Draco hmphed and wanted to say something, but Pansy cut him off. “Go shower, Merlin, you reek, Draco.”

There was apparently very little he could say to change Pansy’s mind, and showering sounded like a rather good idea, so he did as he was told and wandered into the bathroom to wash off the grime and dirt and sweat of two days’ worth of work.

He returned in grey jeans and a green jumper, hair still wet, but much more awake and refreshed than he’d been in days. Pansy gave him a look and Draco narrowed his eyes at her in question.

“Do you only ever wear Muggle clothes anymore?” she said and shook her head.

Draco shrugged and sat at the counter accepting the cup of coffee she offered him. “I guess things are different in Le Lavandou.” He dug into his eggs and Pansy gingerly sat at the counter with him, watching him.

“Did you sleep with Blaise?” she asked calmly and Draco choked on his toast.

“What?” he blurted out.

“That’s a yes?” She tapped her red fingernails against the black marble of his kitchen counter.

“We’re both grown men,” Draco said. “It didn’t really mean anything.”

“To you,” Pansy said darkly.

“To us both,” Draco insisted. Then more quietly, “I was alone and this whole thing here is just driving me insane. He knows how I feel, Pansy. He still wanted this as much as I did.”

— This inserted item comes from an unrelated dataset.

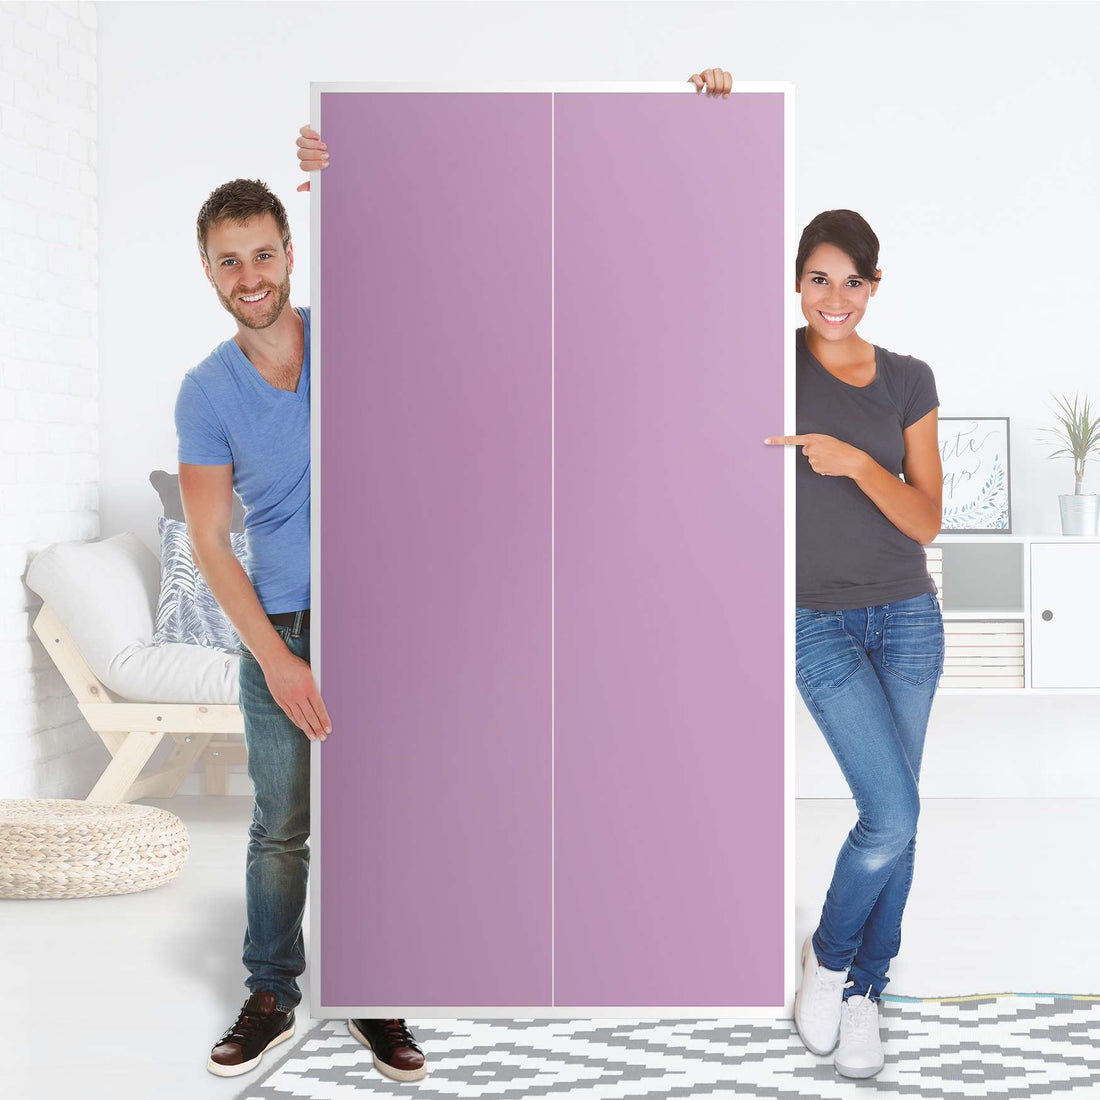 Klebefolie für Möbel Flieder Light - IKEA Pax Schrank 201 cm Höhe - 2 Türen - Folie

Pansy didn’t say any more. Draco knew she was aware that even a tiny admissions from him meant that he was nearing his limit of patience and did not wish to be pestered further.

“Seamus is having a bachelor party next weekend, on Friday,” she said after a moment of silence. “Well, he’s not, but his mates are. Thomas asked me to help arrange for a free evening and an opportunity. He promised they’d be good.” She frowned and moved her now intertwined hands to her mouth, staring at Draco. “What if he cheats on me, Draco? I’m sure they’ll have Muggle strippers and things like that.”

Draco shook his head. “He’s not that much of an idiot, Pansy. If he wanted to cheat on you he wouldn’t do it in public, dear.”

“You’re not helping,” she said. “You’re not helping at all.” She pursed her lips. “And do not turn all Gryffindor on me and say ‘There are people dying, Pansy!’ I know what’s going on because Seamus told me. But I need you too. You stopped it for now, didn’t you? Now I need you.”

He sighed and rubbed his eyes. “He loves you,” he finally said. “He even stood up for me because I’m your friend.” He gave Pansy a wry smile.

“Can’t you go with them and keep an eye on him?” She gave him a pleading look. “His mates are all Gryffindor idiots, they don’t really understand. And Potter’s there so there will be approximately three hundred willing girls.”

Draco groaned and dropped his forehead against the counter. He had other things to worry about than to make sure that his best friend’s fiancé stayed faithful. Dangerous spells and dying people. Research to do. “I’m not invited,” he said and then looked up. “Please, I’m not invited, they all hate me, they’re Aurors. They think I’m a traitor.”

“I’m asking nicely,” Pansy said and her tone was not nice.

“I’ll think about it,” he said carefully. He had a week to come up with an excuse good enough to prevent Pansy from hexing his head off. Or Finnigan’s.


He spent the entirety of the day holed up with Hermione in her library, reading book after book, Quick-Quoting important bits and pieces. His spell block on the trigger for the loop seemed sturdy enough when they checked back on Longbottom and Turpin on their (very late) lunch break, and the spell had not changed a bit.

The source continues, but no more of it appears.